Explanation: Does the AI tool explain its decisions and are those explanations made available to the recruiter and the applicant? If algorithmic information is proprietary, are counterfactual explanations taken into consideration?
Anticipation: Are mechanisms in place to report biased decisions and what are the recourse mechanisms in place?
Reflexiveness: Is the organization aware of its changing values and its reflection in the data it uses? How is data collected and which limitations become evident?
Inclusion: Do you think about diversity in your team and in the evaluation results?
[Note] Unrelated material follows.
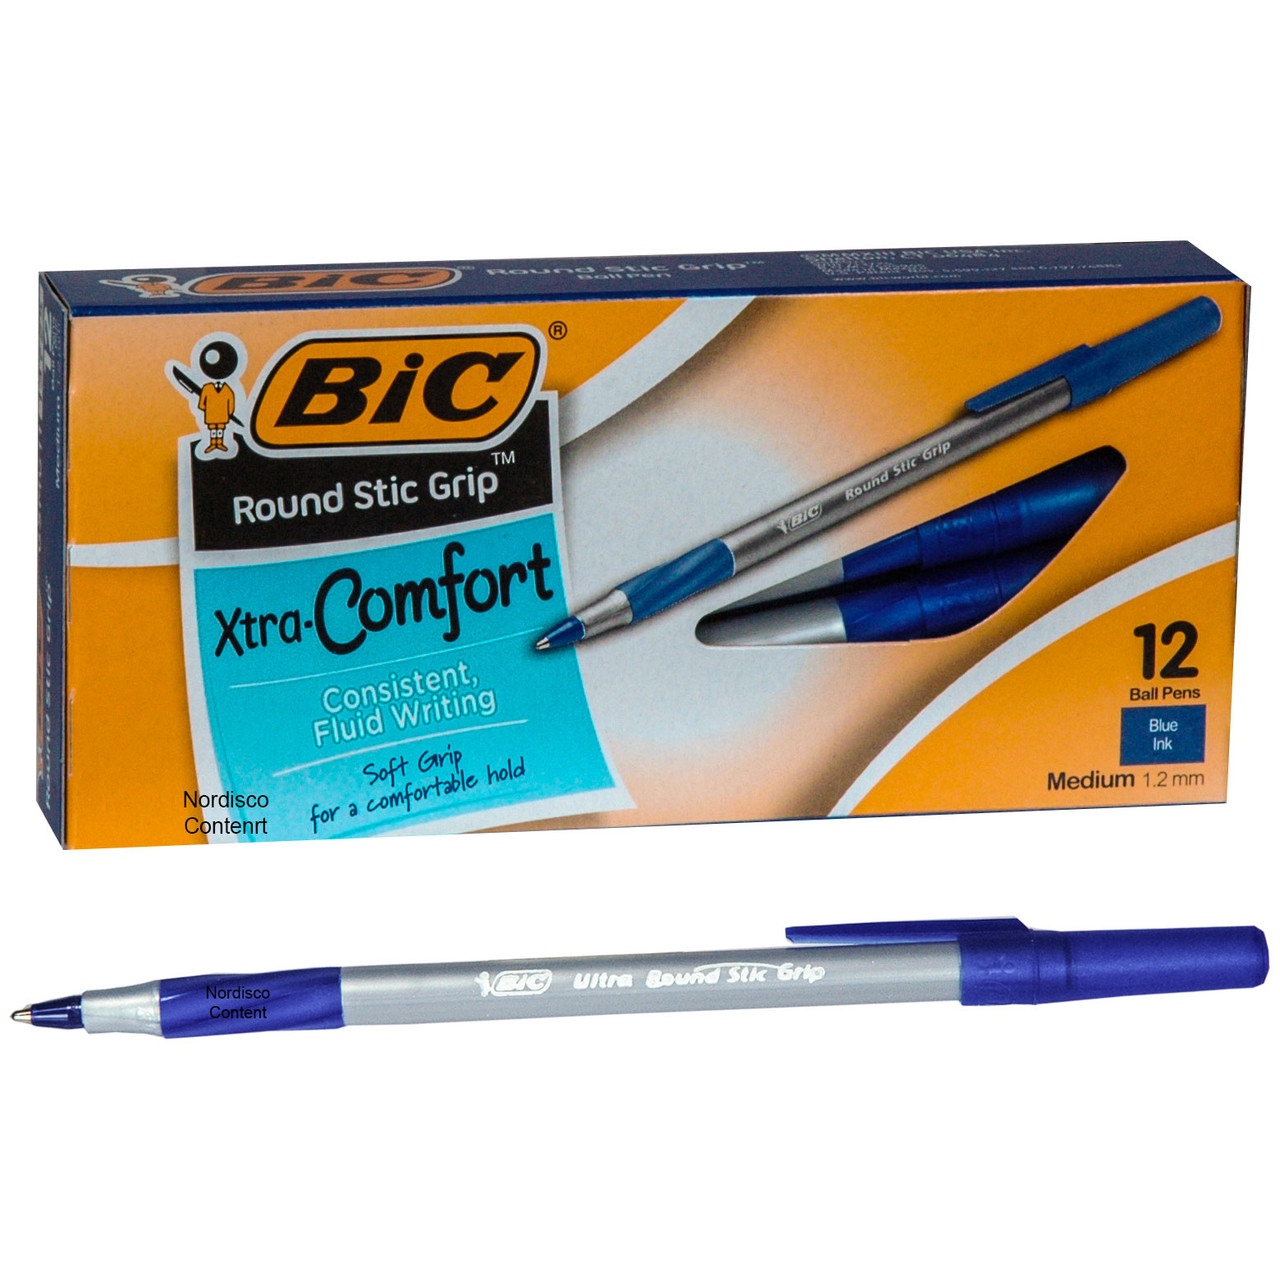 BIC GSMG11 13725 Blue Ultra Round Stic Grip Pen, 1.2 mm Medium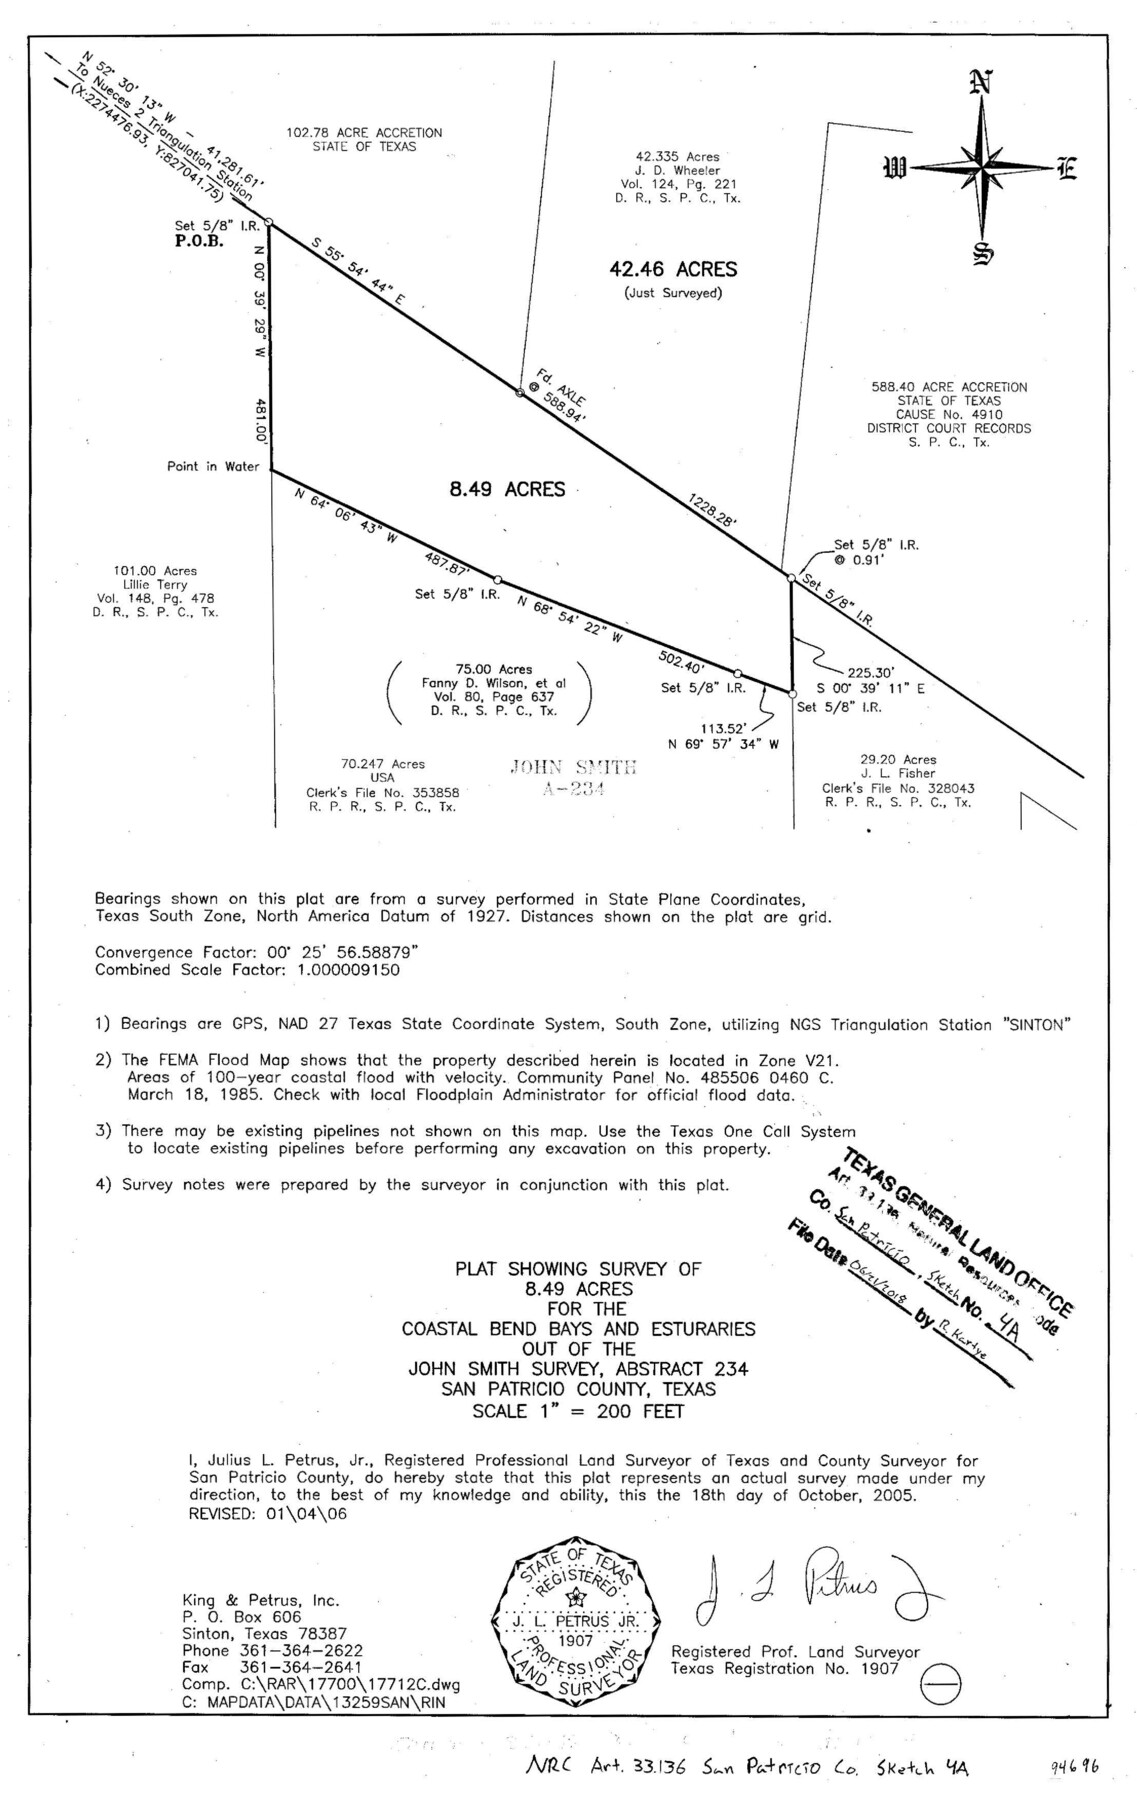 94696, San Patricio County NRC Article 33.136 Sketch 4A, General Map Collection

Auditability: Is the training data publicly available or verified by a third party?
Final takeaways
When bias permeates AI recruitment tools, all parties are worse off. Candidates are not offered an equitable experience and employers miss out on valuable applicants and can fail to diversify their teams. AI may be effective at mitigating the knee-jerk unconscious biases that human recruiters perpetuate, but it is by no means completely impartial. Due to the fact that algorithms are man-made and often draw from inherently biased datasets, AI does not guarantee objective and fair outcomes. No matter how sophisticated, AI’s fallibility necessitates continued human input.